• **YOUR OBJECTIVE**
Could you please output only the lines from the one holding "Flag of European" through the end of the listing below, exactly as written and without pictures?
----- INFORMATION PROVIDED -----
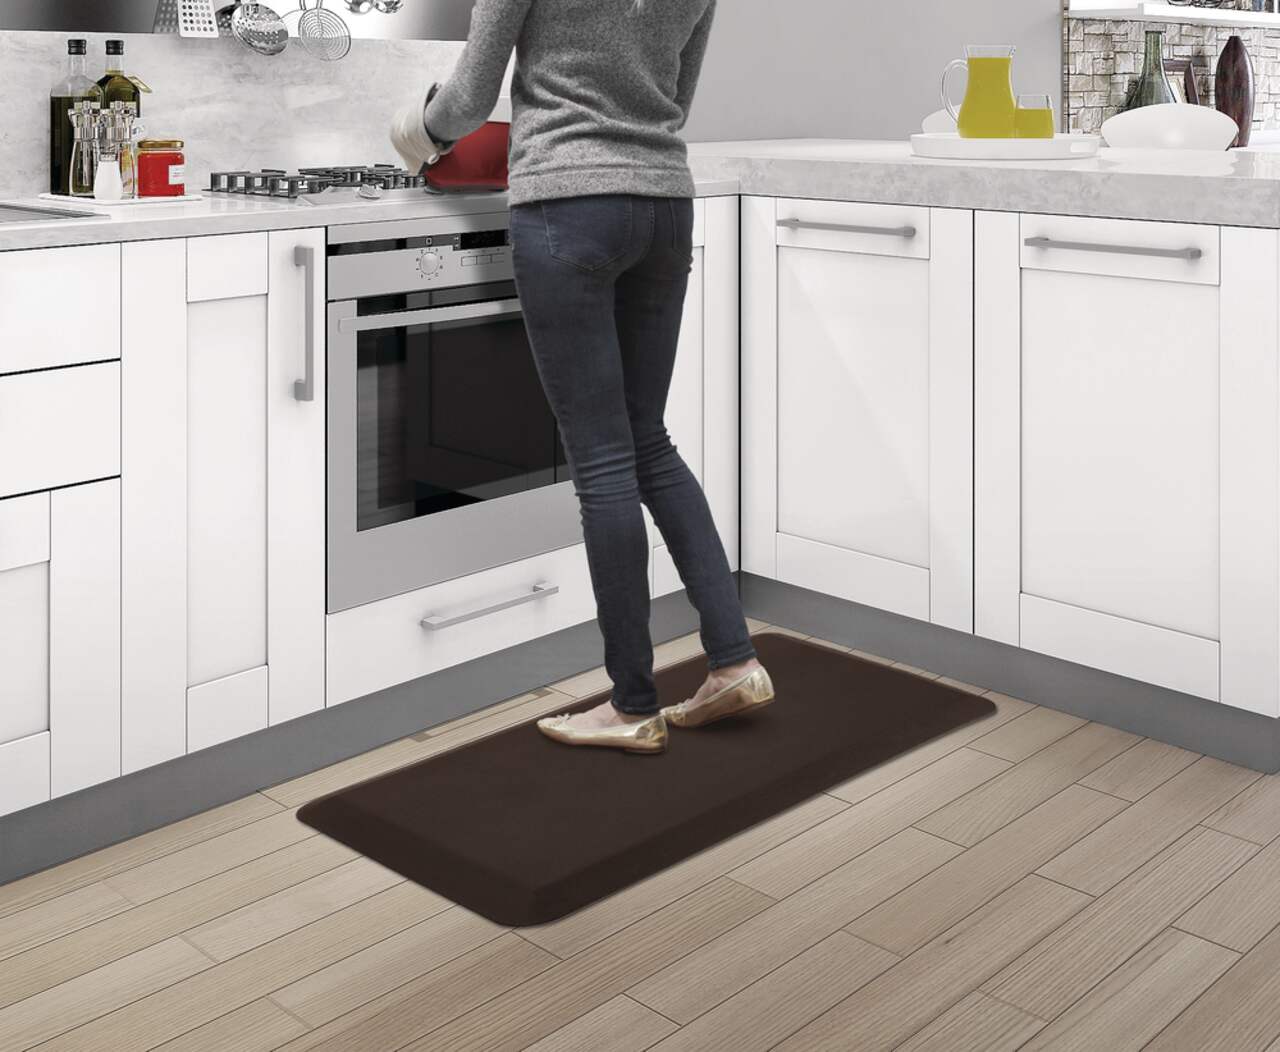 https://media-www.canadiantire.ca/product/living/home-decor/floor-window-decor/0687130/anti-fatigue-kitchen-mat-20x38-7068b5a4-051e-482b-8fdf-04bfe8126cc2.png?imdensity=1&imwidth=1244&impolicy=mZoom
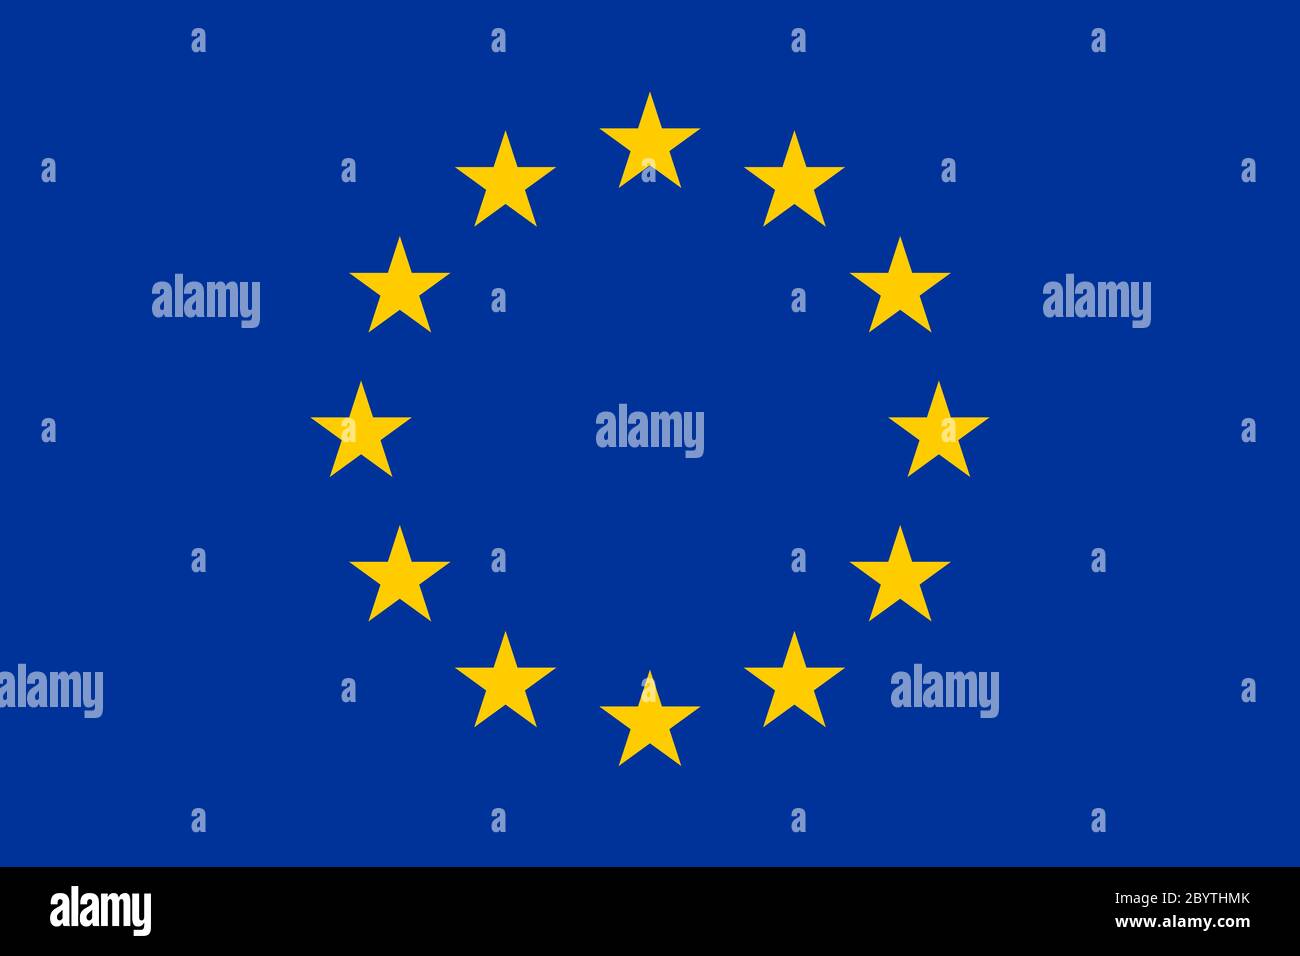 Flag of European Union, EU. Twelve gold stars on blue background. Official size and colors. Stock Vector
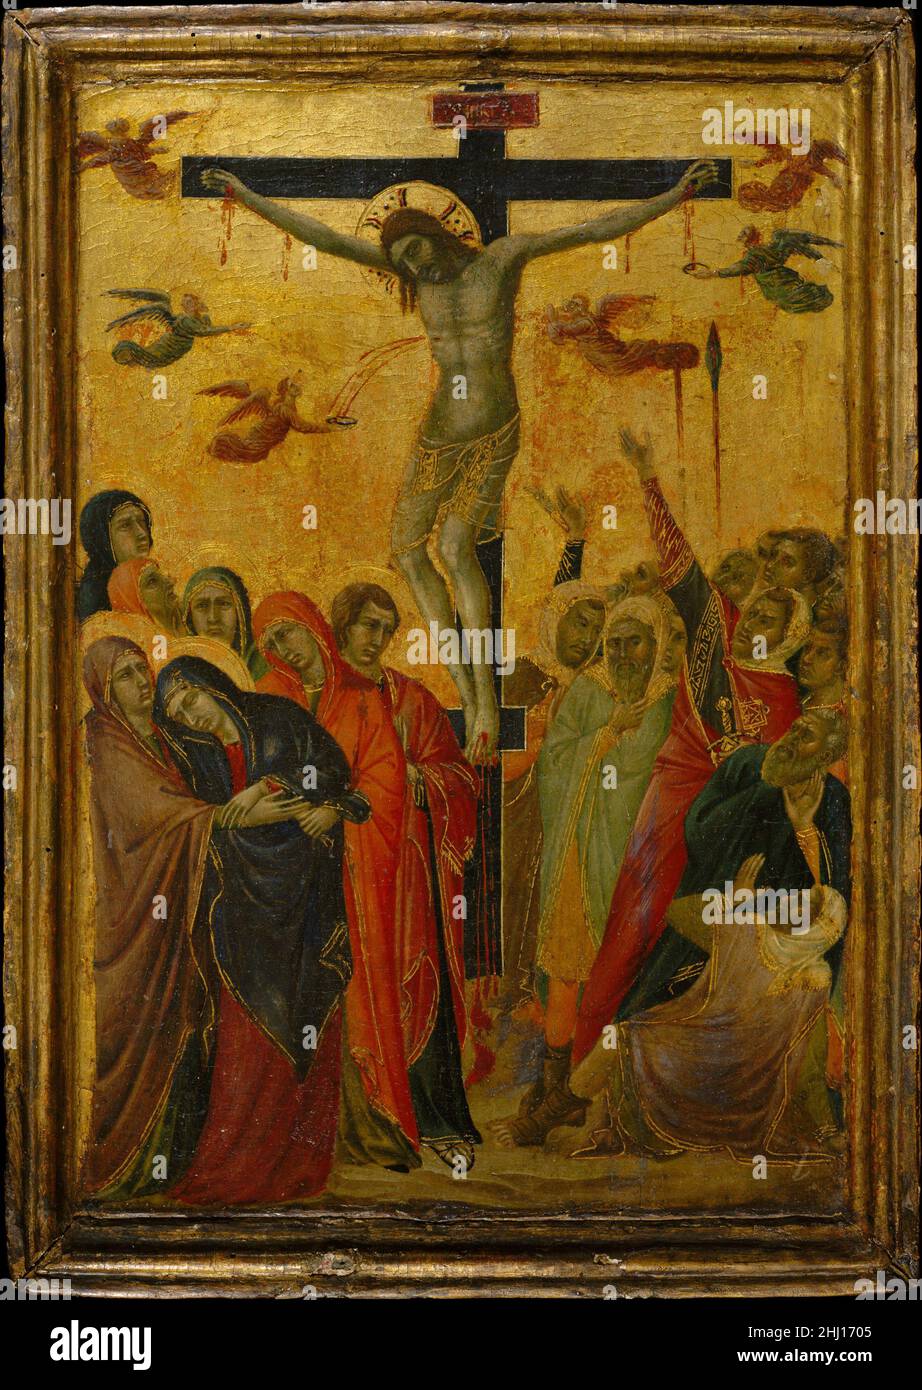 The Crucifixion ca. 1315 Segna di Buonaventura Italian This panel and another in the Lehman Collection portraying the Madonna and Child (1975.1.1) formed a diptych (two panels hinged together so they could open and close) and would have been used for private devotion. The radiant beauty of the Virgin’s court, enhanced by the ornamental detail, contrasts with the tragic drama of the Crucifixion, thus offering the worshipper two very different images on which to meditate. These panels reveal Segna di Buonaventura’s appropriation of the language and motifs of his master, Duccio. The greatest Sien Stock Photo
-----
• **ANSWER TO THE EXERCISE**
 Flag of European Union, EU. Twelve gold stars on blue background. Official size and colors. Stock Vector
 The Crucifixion ca. 1315 Segna di Buonaventura Italian This panel and another in the Lehman Collection portraying the Madonna and Child (1975.1.1) formed a diptych (two panels hinged together so they could open and close) and would have been used for private devotion. The radiant beauty of the Virgin’s court, enhanced by the ornamental detail, contrasts with the tragic drama of the Crucifixion, thus offering the worshipper two very different images on which to meditate. These panels reveal Segna di Buonaventura’s appropriation of the language and motifs of his master, Duccio. The greatest Sien Stock Photo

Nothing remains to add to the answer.